*** Opening of THE DATA ***

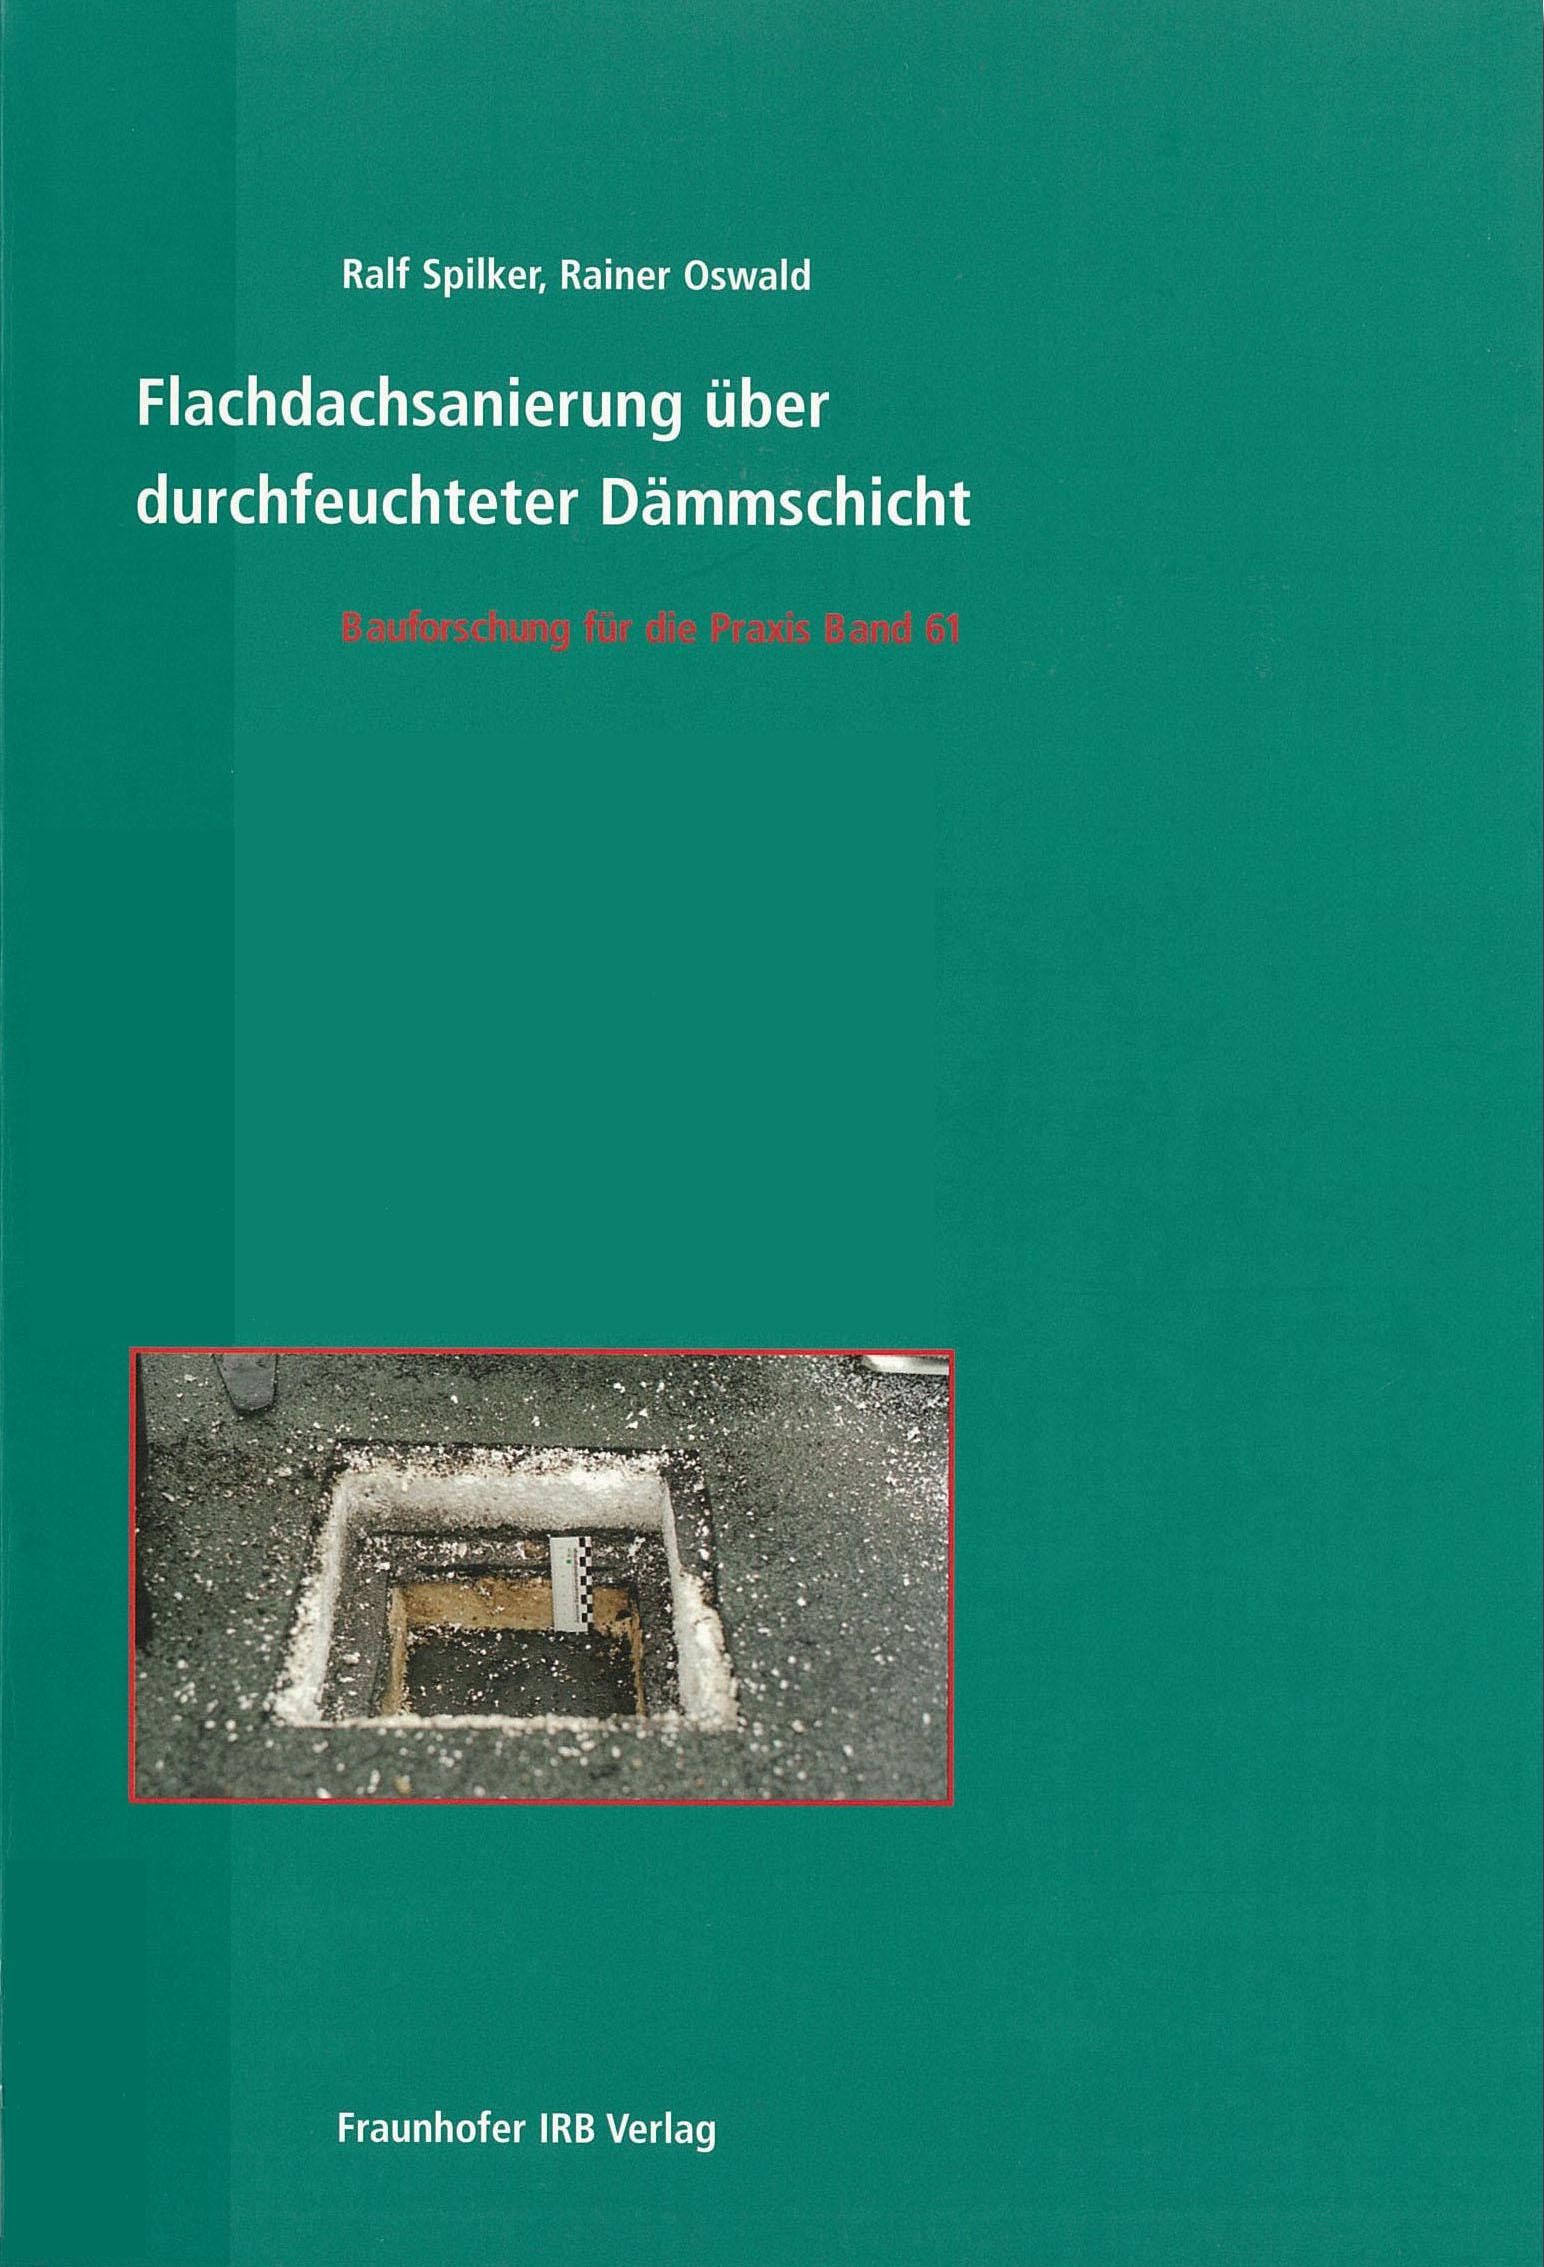 Forschungsbericht: Flachdachsanierung über durchfeuchteter Dämmschicht
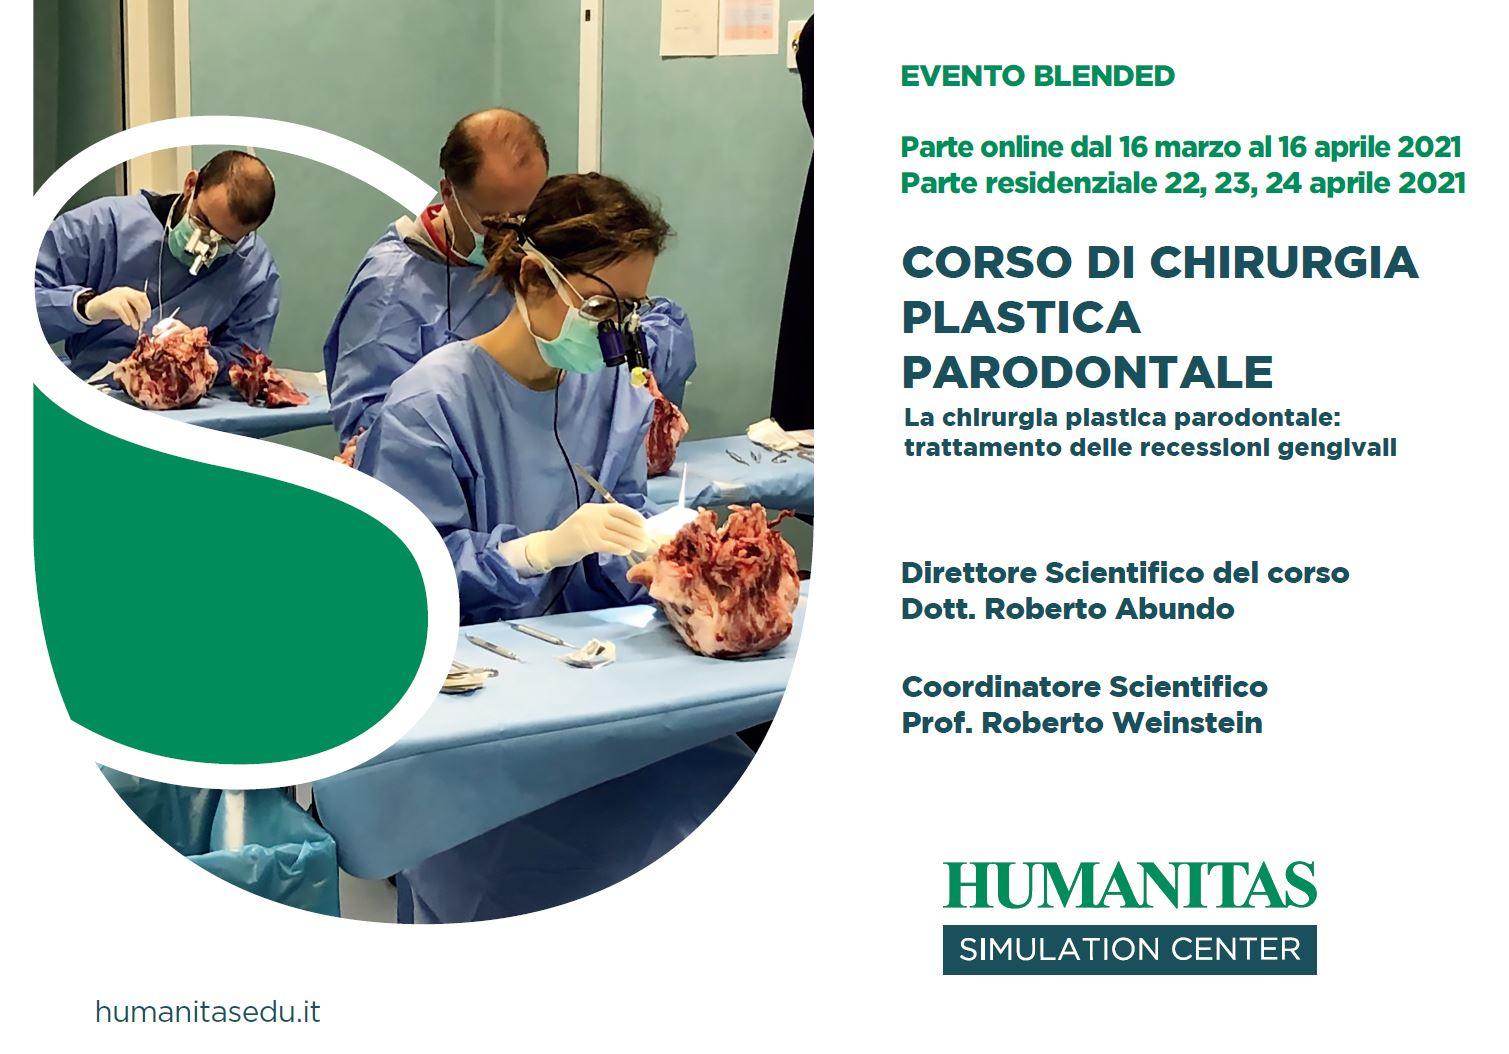 Corso di Chirurgia Plastica Parodontale: corso on-demand e pratico in presenza
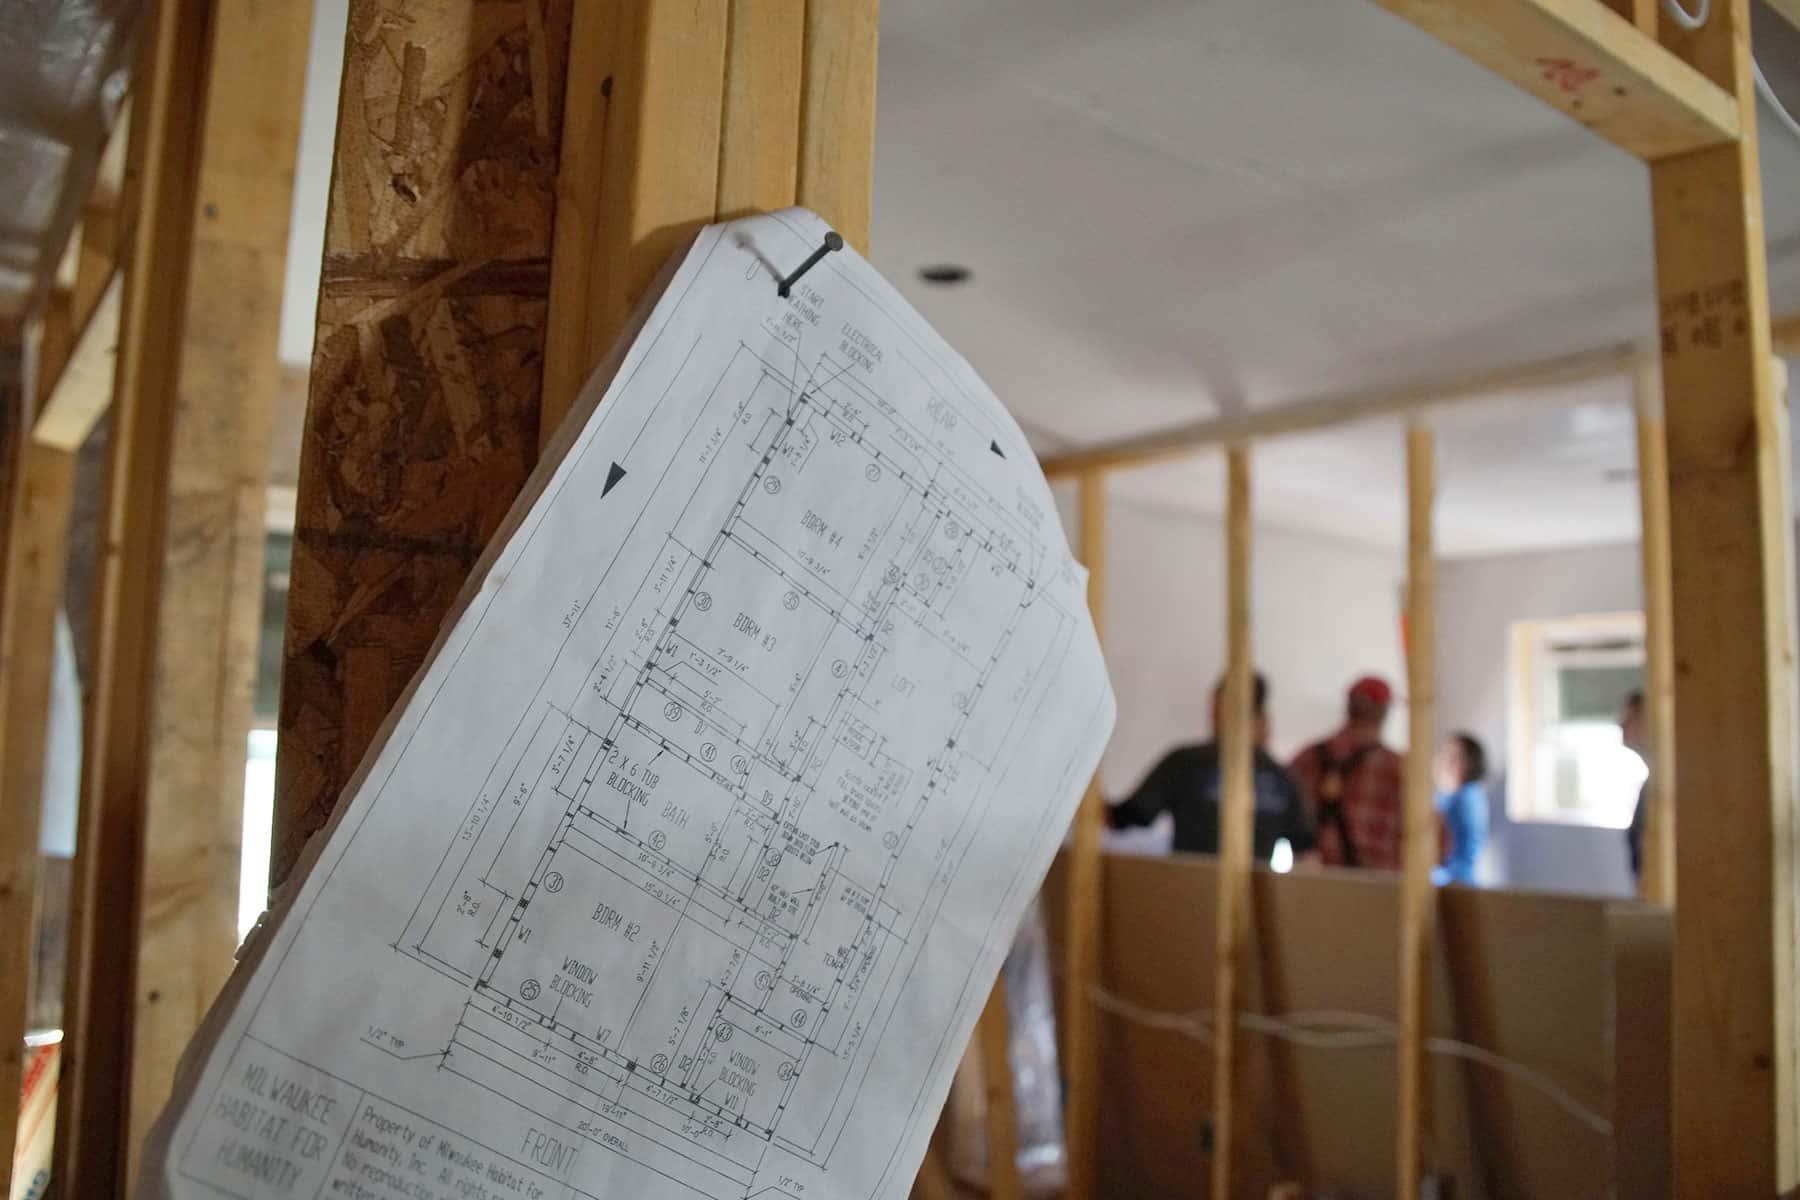 00_091117_habitatbuild_651

*** Close of THE DATA ***

EXERCISE: An exact retyping of the material, minus the pictures, is the required answer.

TASK SOLUTION:
 Forschungsbericht: Flachdachsanierung über durchfeuchteter Dämmschicht
 Corso di Chirurgia Plastica Parodontale: corso on-demand e pratico in presenza
 00_091117_habitatbuild_651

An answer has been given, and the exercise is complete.